Amit Jethwa had left this building after meeting a lawyer friend when he was shot by hired contract killers

Amit Jethwa had left this building after meeting a lawyer friend when he was shot by hired contract killers

The killing, it seems, was aimed to both silence Jethwa and spark broader fear in the activist community. But Pankti Jog, a ‘Right to Information’ activist, believes it achieved the opposite effect, and only strengthened citizens’ resolve towards achieving their right to transparency. The day after his death, about 200 people, mostly activists, gathered where Jethwa had been shot and made a resolution to sustain his fight. ‘The pressure on activists and the threats may be increasing but people have not stopped asking for information,’ said Jog. ‘We said we won’t let the issues die down.’ Activists continued to lobby on the same issues Jethwa had been advocating, she said, and they won a partial victory when the government began putting up online information on mining leases.

The law minister, while speaking at an event two months after Jethwa’s killing, named him and said that stern action should be taken against those who attack activists. Jethwa was also honoured posthumously for his transparency activism by various organizations.

Jethwa’s friends and colleagues, none of whom were willing to be named, remembered an environment-loving man killed for doing the work that was important to him. One childhood friend and colleague dissolved into tears when recalling his commitment to fighting the good fight. ‘This is a criminal state, and society and the law are blind,’ said the friend. ‘Without the general, what will the soldiers do?’

Meanwhile, Jethwa’s father, Bhikhalal, is trying to pursue his son’s work through a new organization he has established.
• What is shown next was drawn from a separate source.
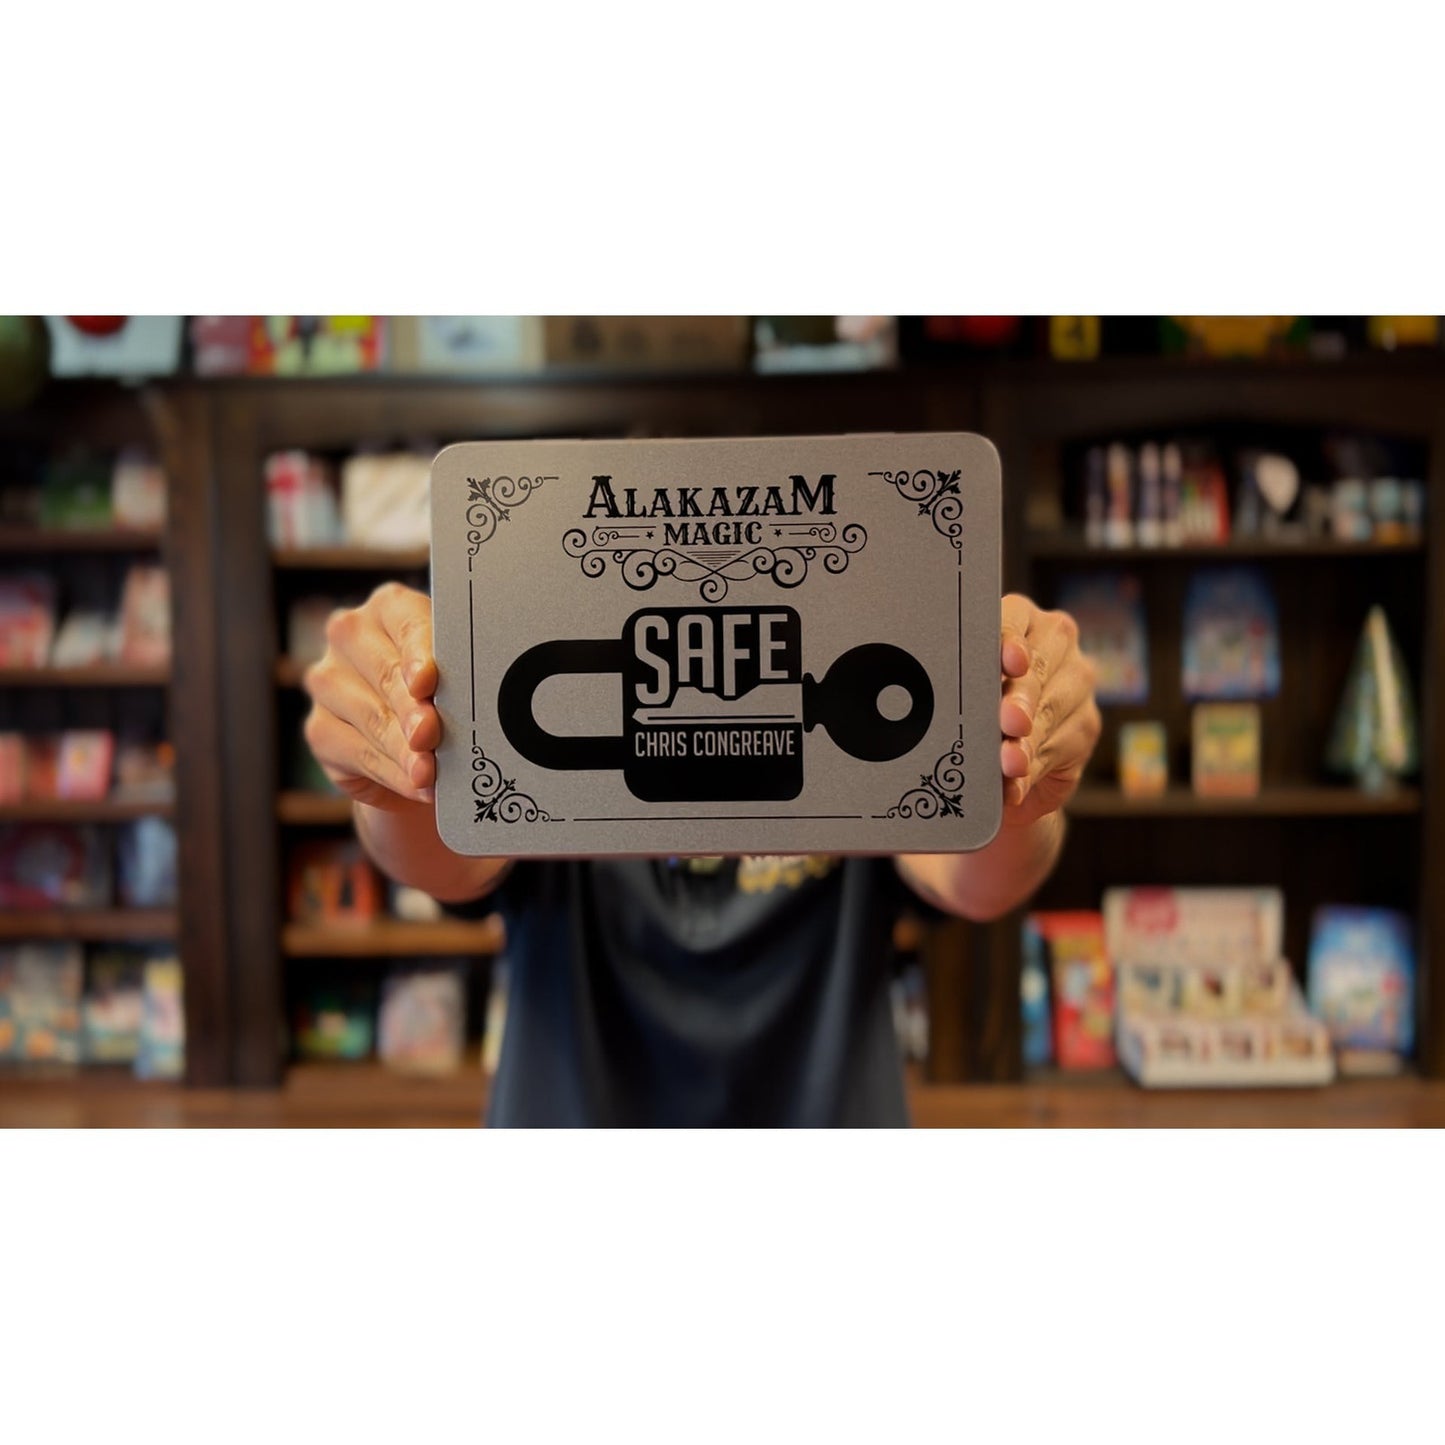 Alakazam Magic presents Safe by Chris Congreave

Gujarat has seen several attacks on transparency activists, accounting for 12 of 82 such killings in India, as of 2019, according to the database maintained by the Commonwealth Human Rights Initiative.

‘All the families are silent except for me,’ said Bhikhalal. ‘I am the only one fighting against all these powerful people.’

February 2023 update

In 2019, a special CBI court found that Dinu Solanki and his nephew, alongside five other suspects, were guilty of Jetwa’s murder. The court reaffirmed that the killing was motivated by Jetwa’s exposé of Solanki’s illegal mining activities. However, in September 2021, the Gujarat High Court suspended Solanki’s sentence pending his appeal against the 2019 conviction. And in February 2023, the court suspended Solanki’s nephew’s sentence and granted him bail pending the hearing on his appeal.